-- MATERIAL FOR THE TASK --
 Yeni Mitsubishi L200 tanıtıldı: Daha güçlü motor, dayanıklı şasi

* * *

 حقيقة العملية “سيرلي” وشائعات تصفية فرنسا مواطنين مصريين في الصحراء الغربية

--

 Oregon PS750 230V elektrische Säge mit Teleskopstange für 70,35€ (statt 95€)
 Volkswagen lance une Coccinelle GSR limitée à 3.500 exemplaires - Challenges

-- YOUR TASK --
What is asked for is an exact copy of the lines above from the one containing "Oregon PS750 230V" through the one containing "Volkswagen lance une", and only those.

-- RESULT --
 Oregon PS750 230V elektrische Säge mit Teleskopstange für 70,35€ (statt 95€)
 Volkswagen lance une Coccinelle GSR limitée à 3.500 exemplaires - Challenges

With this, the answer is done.